> [DATA FOR THE TASK]
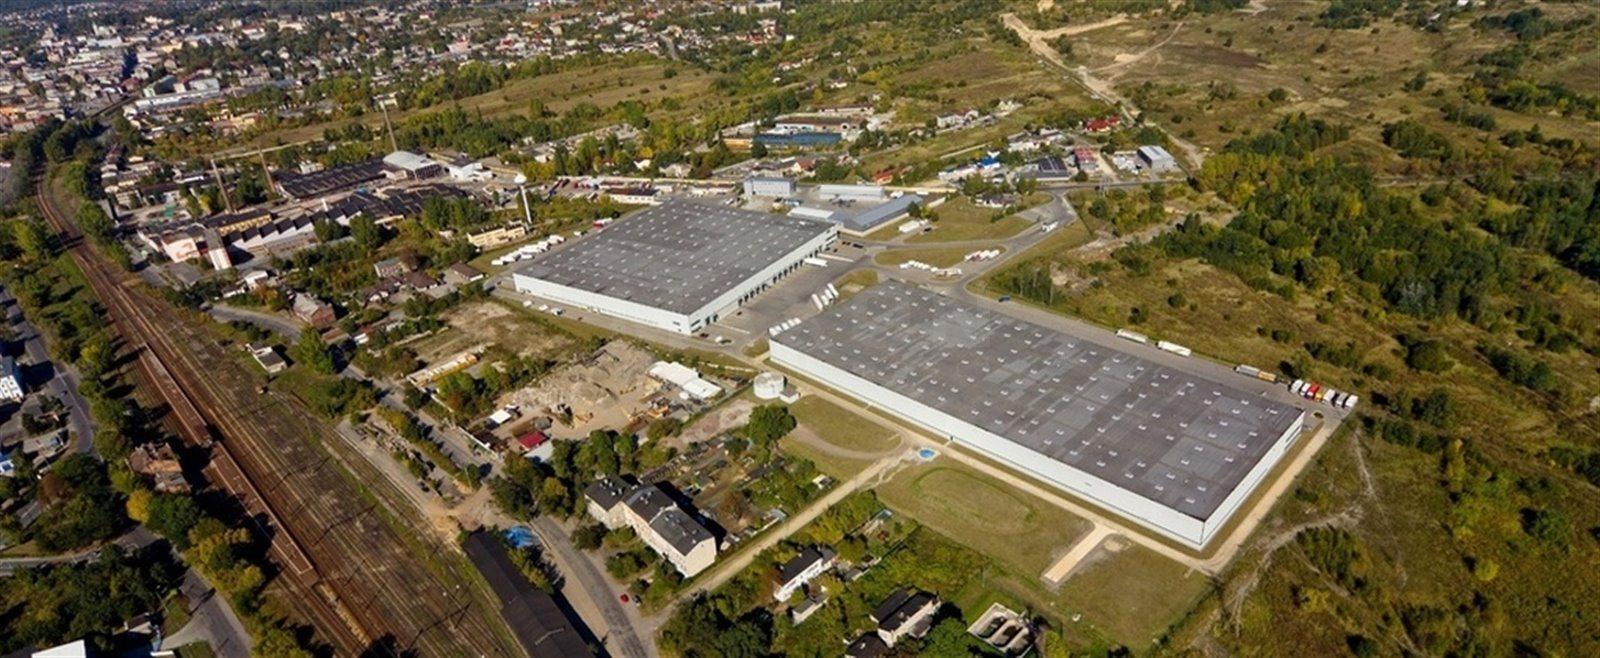 Lokal użytkowy na wynajem Będzin, ul. Zagórska  5000m2 Foto 2
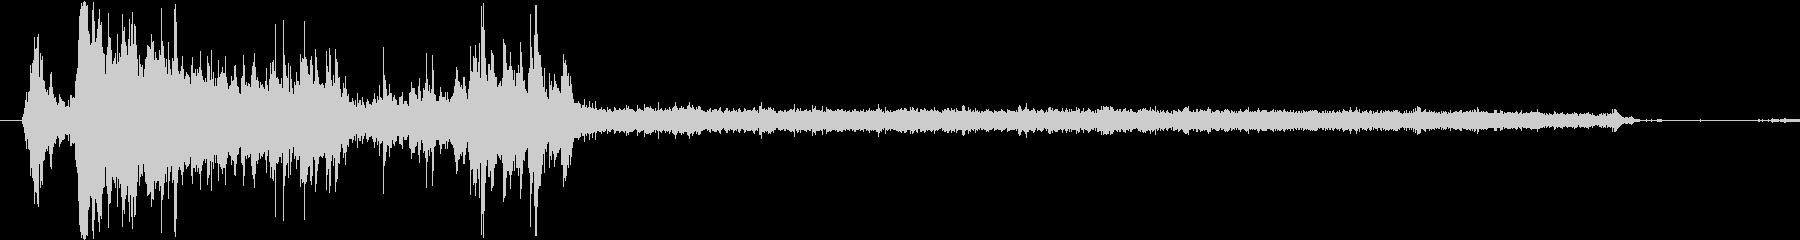 ジャー(トイレを流す音)の未再生の波形
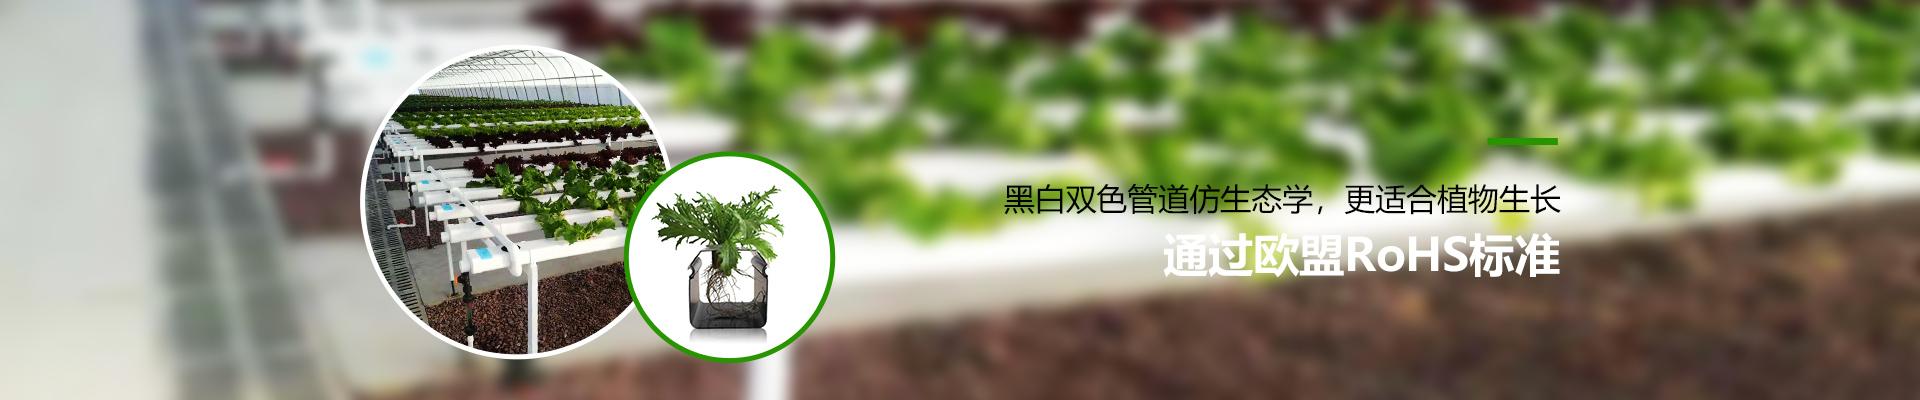 无土栽培管道-黑白双色管道仿生态学,更适合植物生长
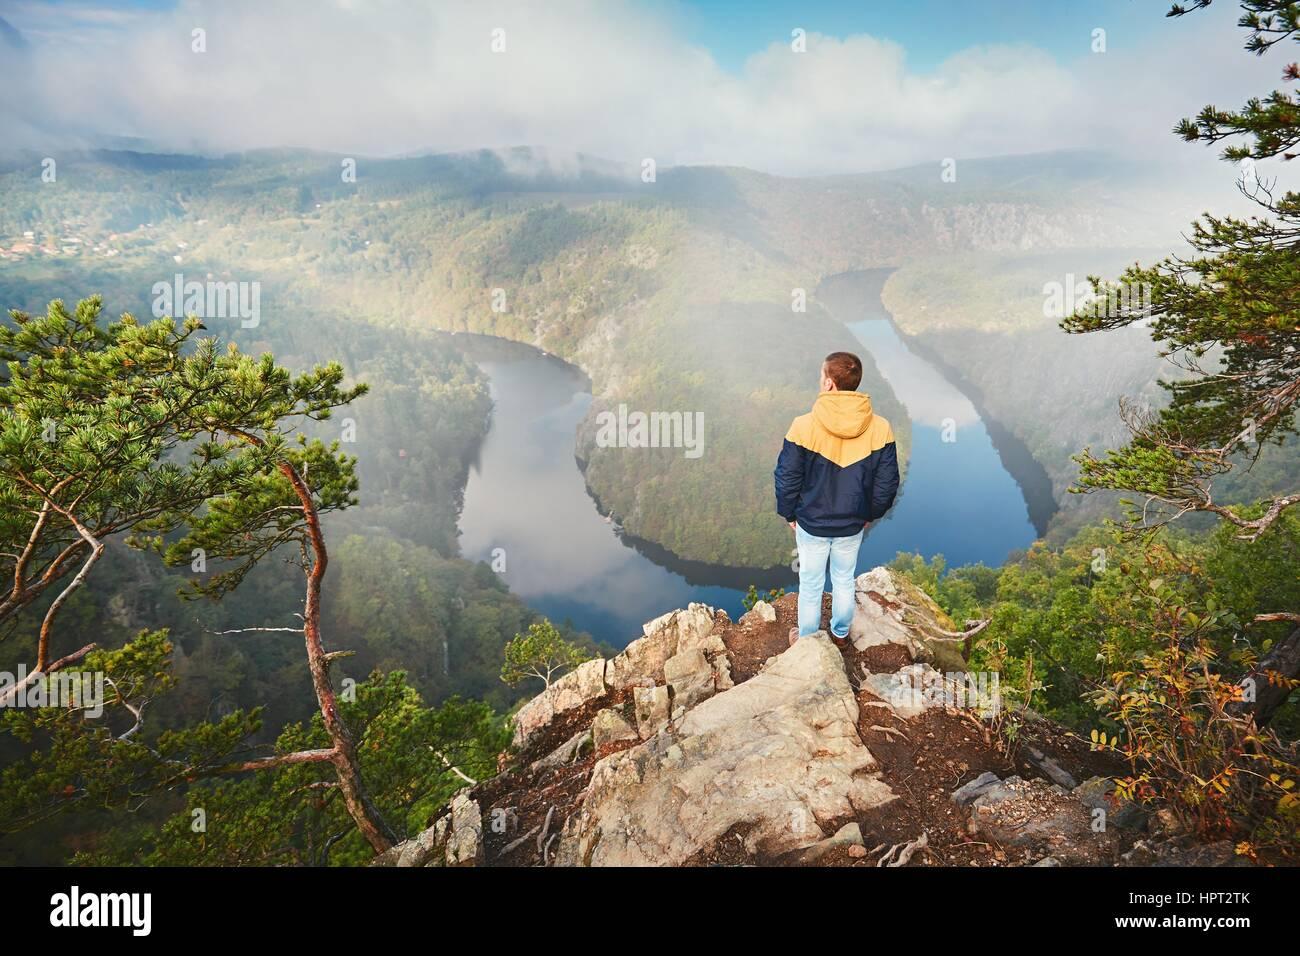 Viajero en la cima de la roca. Joven disfrutando de vistas sobre el valle del río en la niebla matutina. El Imagen De Stock
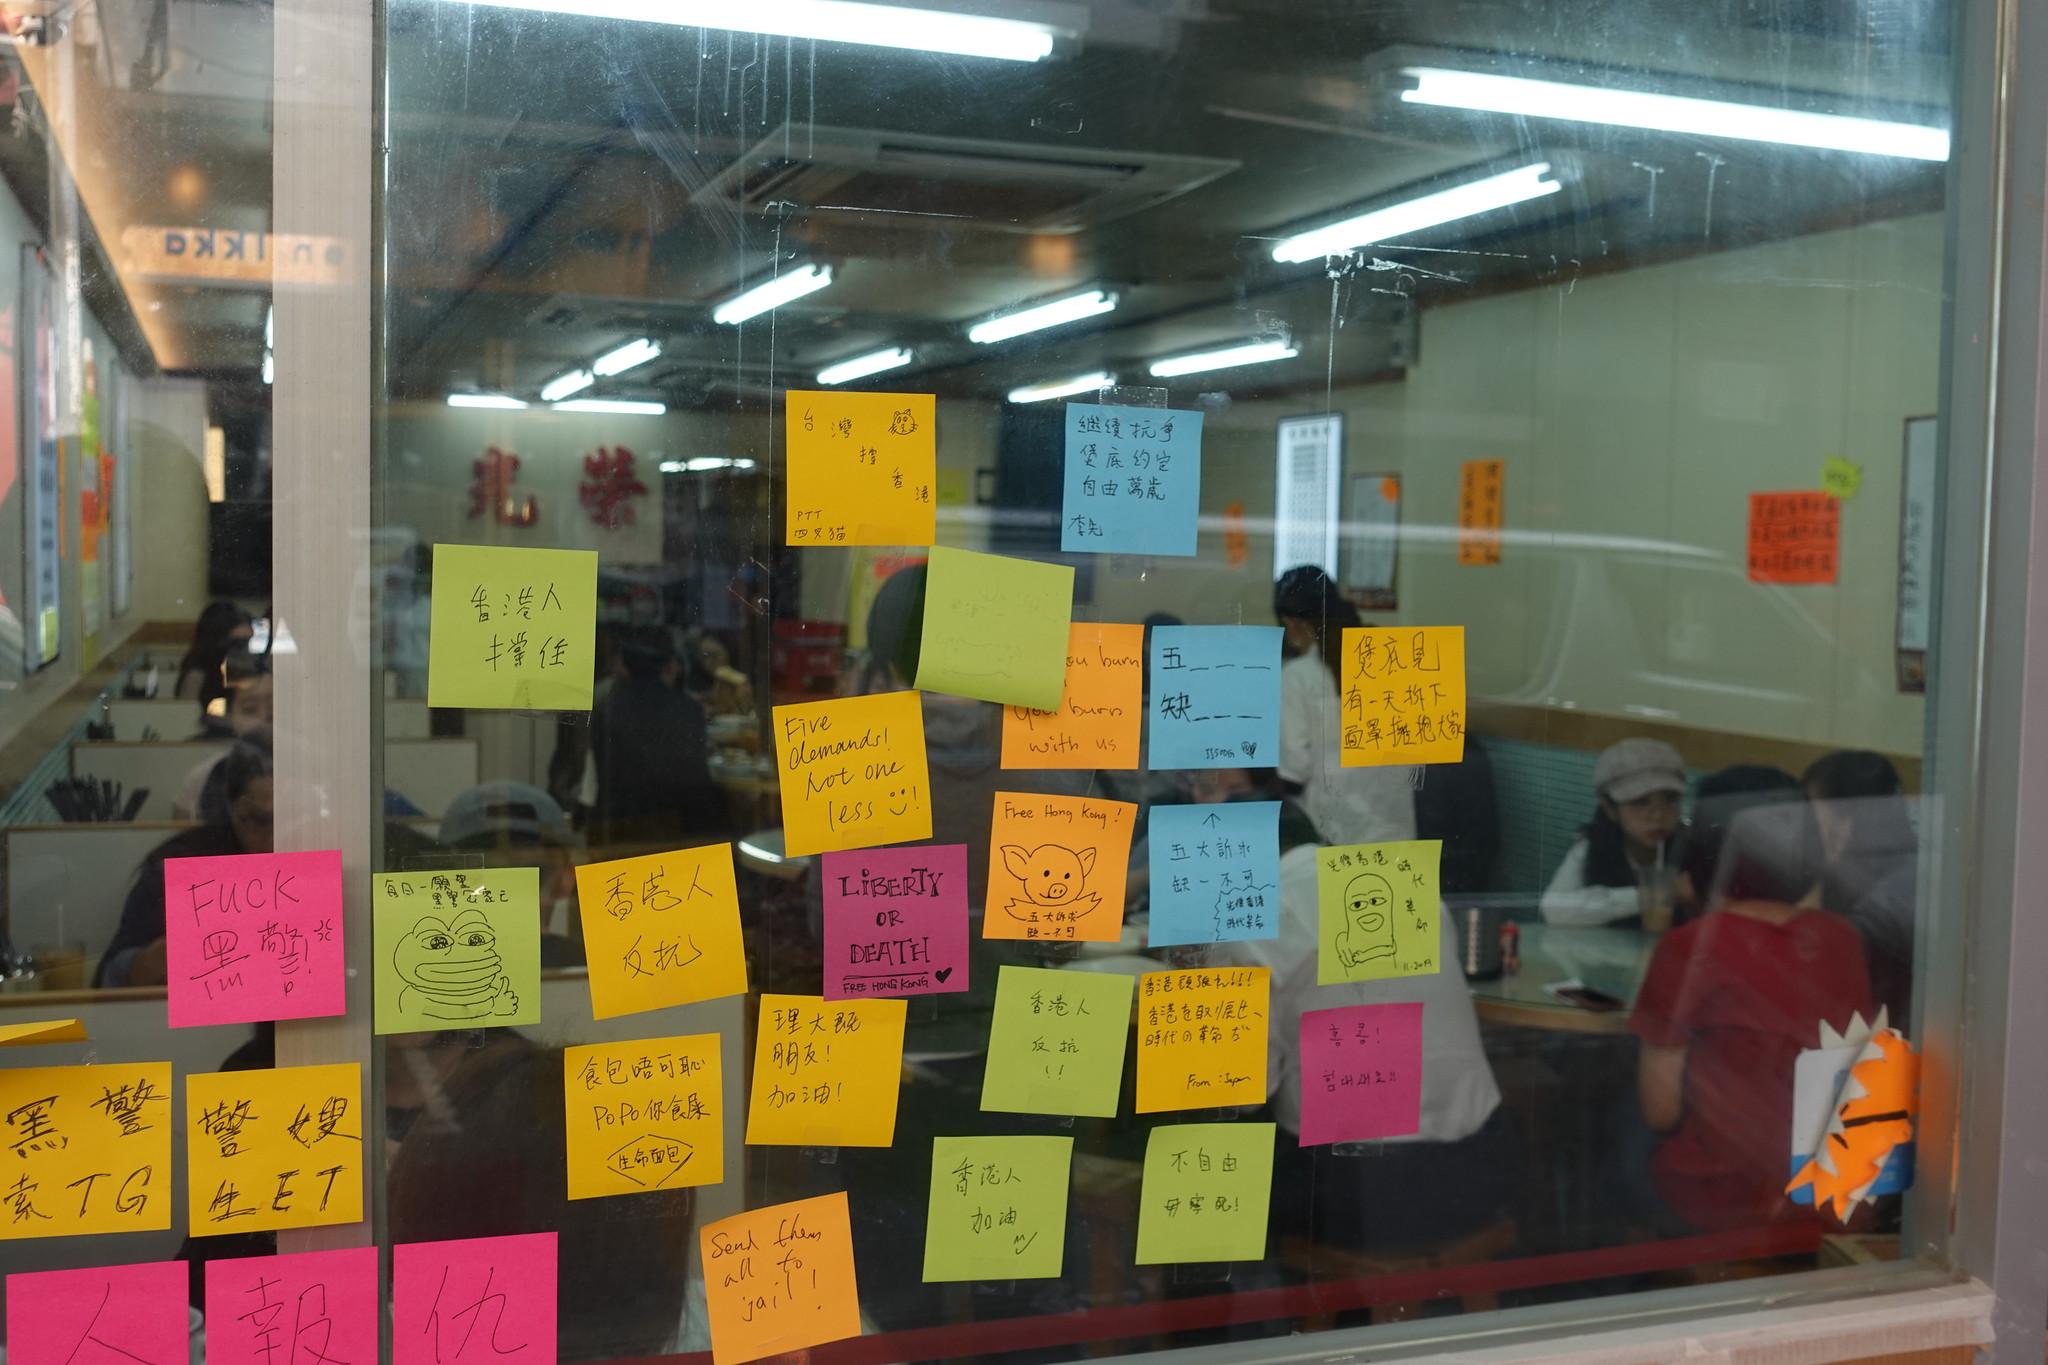 一家支持運動的冰室外貼滿示威者留下的字條。(攝影:張智琦)

> [WORK INSTRUCTION] Without the pictures, repeat every line of the material above exactly.

> [OUTPUT OF THE TASK]
 Lokal użytkowy na wynajem Będzin, ul. Zagórska  5000m2 Foto 2
 ジャー(トイレを流す音)の未再生の波形
 无土栽培管道-黑白双色管道仿生态学,更适合植物生长
 Viajero en la cima de la roca. Joven disfrutando de vistas sobre el valle del río en la niebla matutina. El Imagen De Stock
 一家支持運動的冰室外貼滿示威者留下的字條。(攝影:張智琦)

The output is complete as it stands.